Start of Supplied material

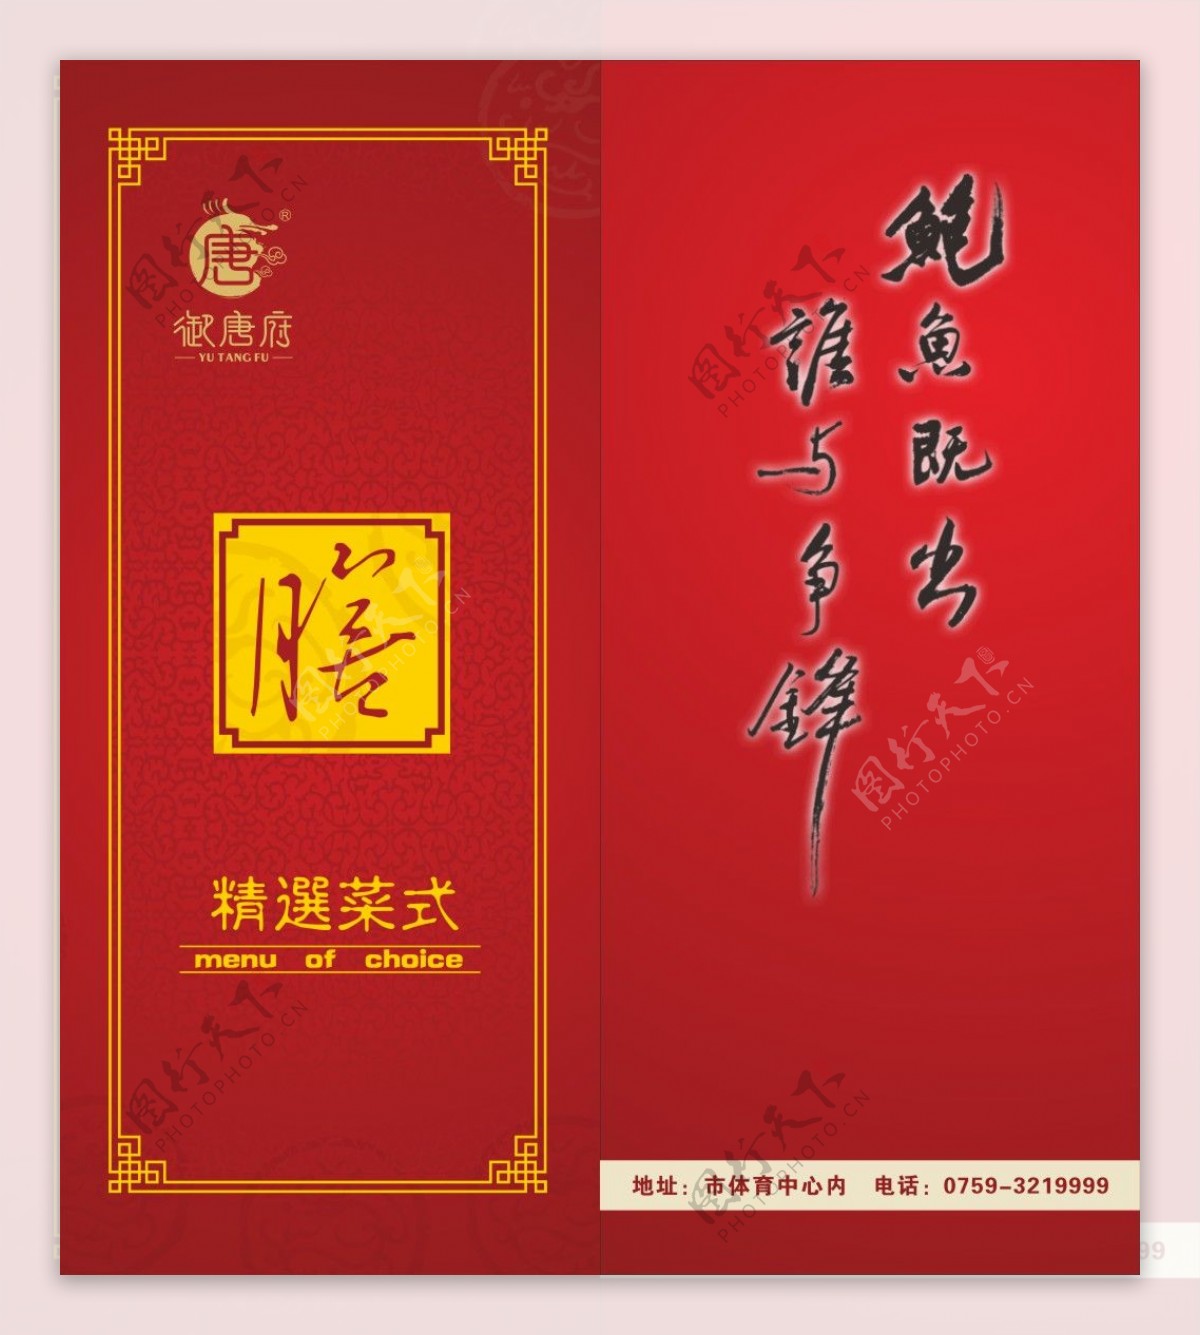 中国元素菜谱封面
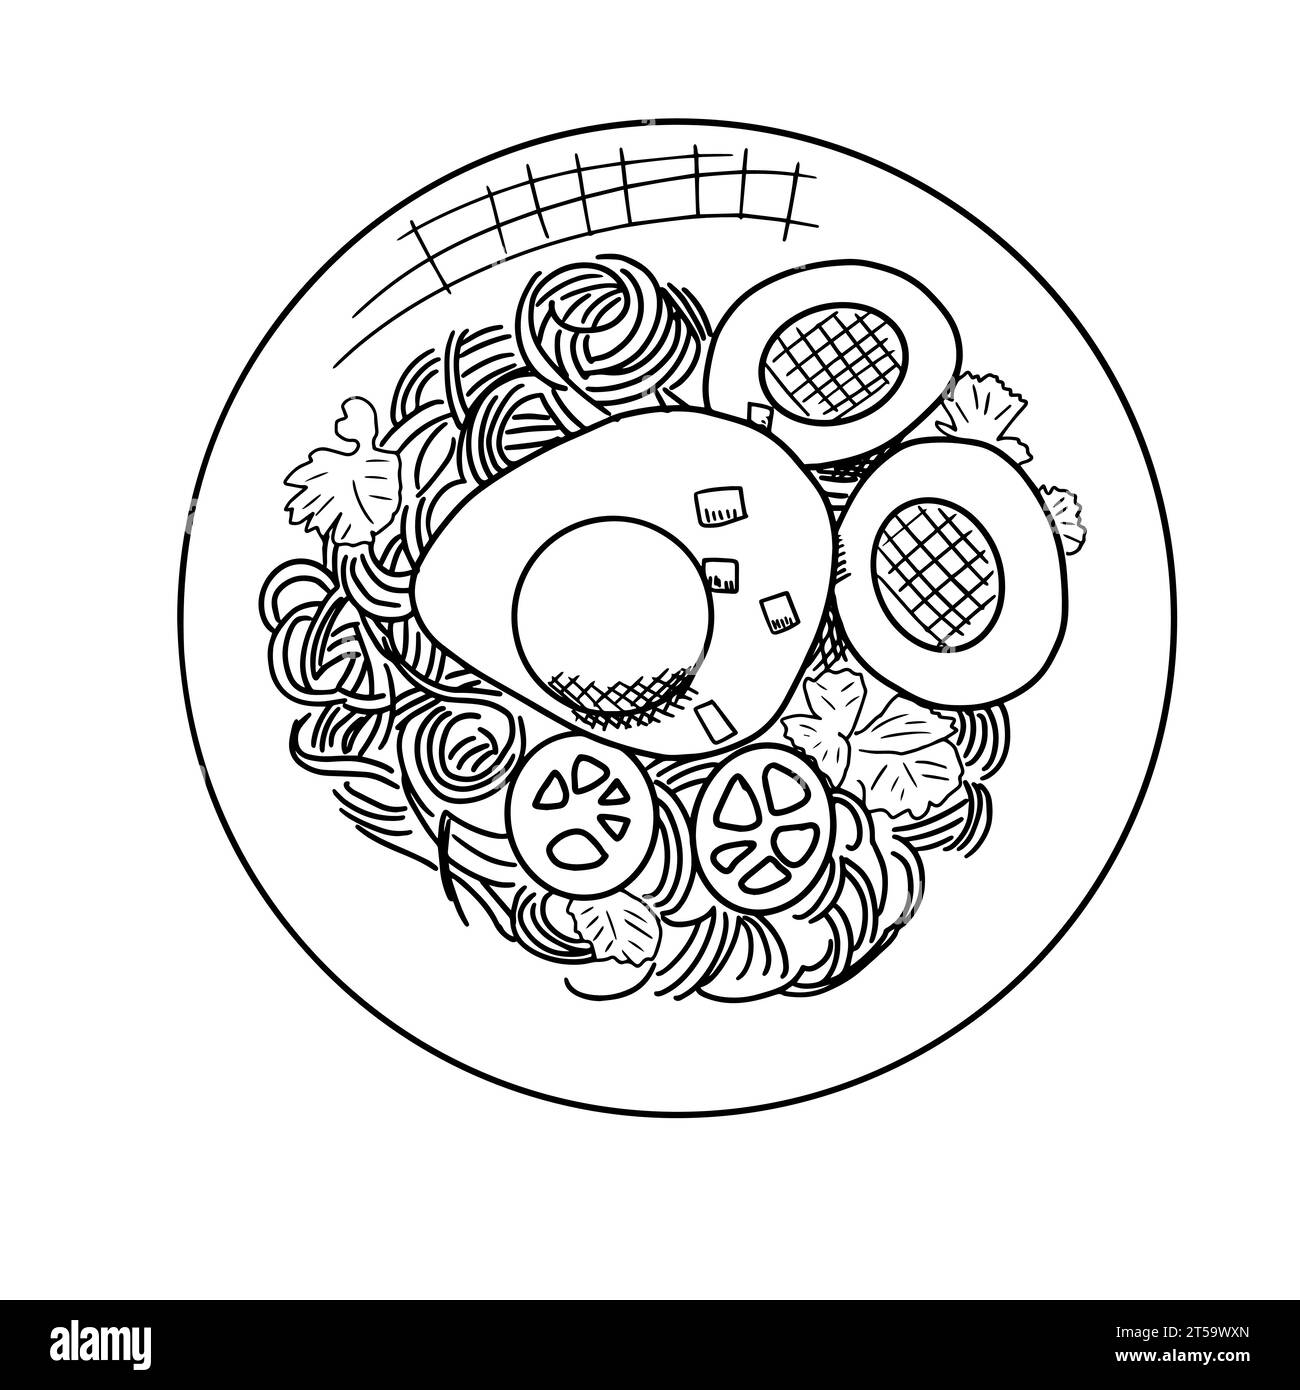 Illustrazione vettoriale disegnata a mano di tagliatelle con uova e verdure nel recipiente. Illustrazione Vettoriale
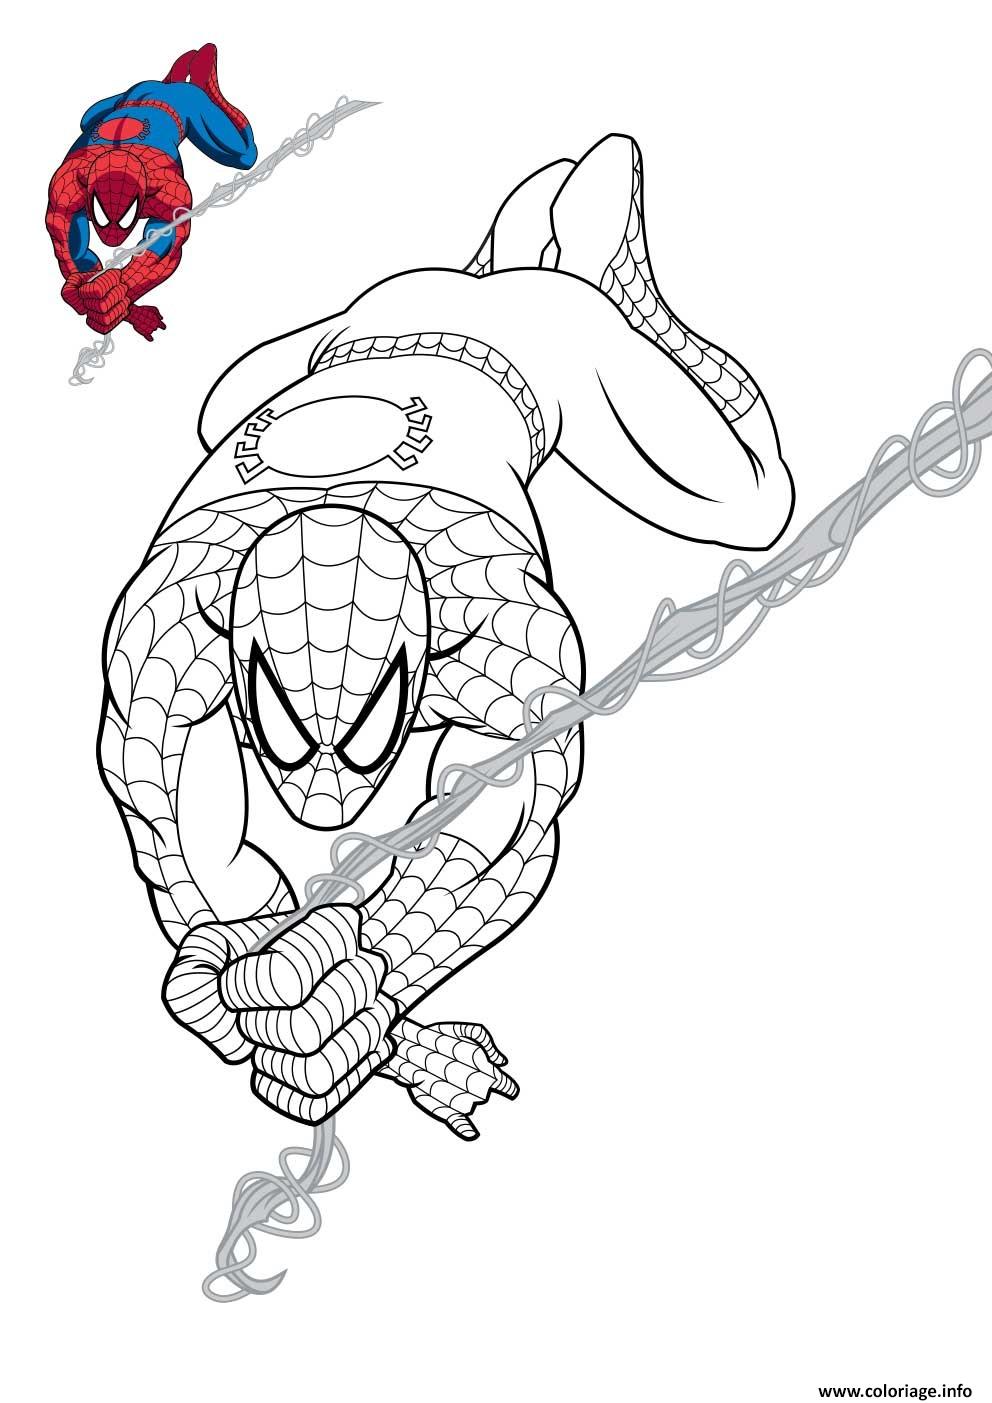 Coloriage Spiderman En Plein Action Jecolorie Com
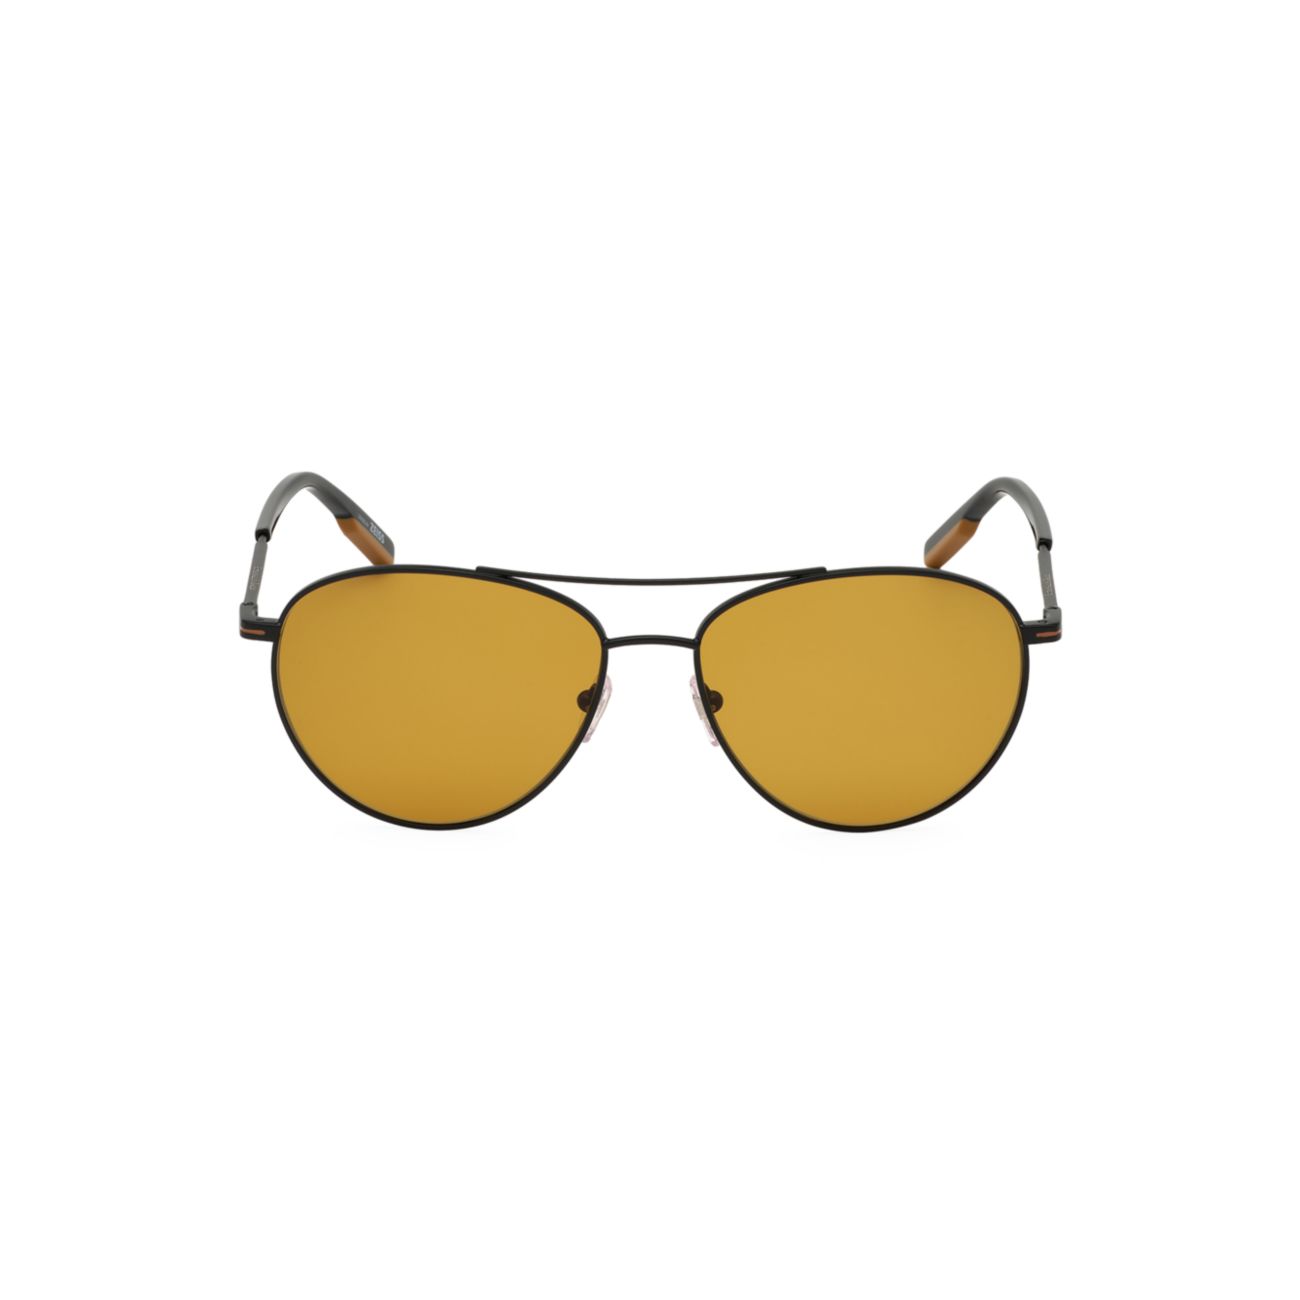 Круглые солнцезащитные очки-авиаторы из поляризованного металла 58 мм Zegna

End of Supplied material

# Task description:
Please transcribe the listing exactly as it stands, but omit its pictures.

# Your solution:
 中国元素菜谱封面
 Illustrazione vettoriale disegnata a mano di tagliatelle con uova e verdure nel recipiente. Illustrazione Vettoriale
 Coloriage Spiderman En Plein Action Jecolorie Com
 Круглые солнцезащитные очки-авиаторы из поляризованного металла 58 мм Zegna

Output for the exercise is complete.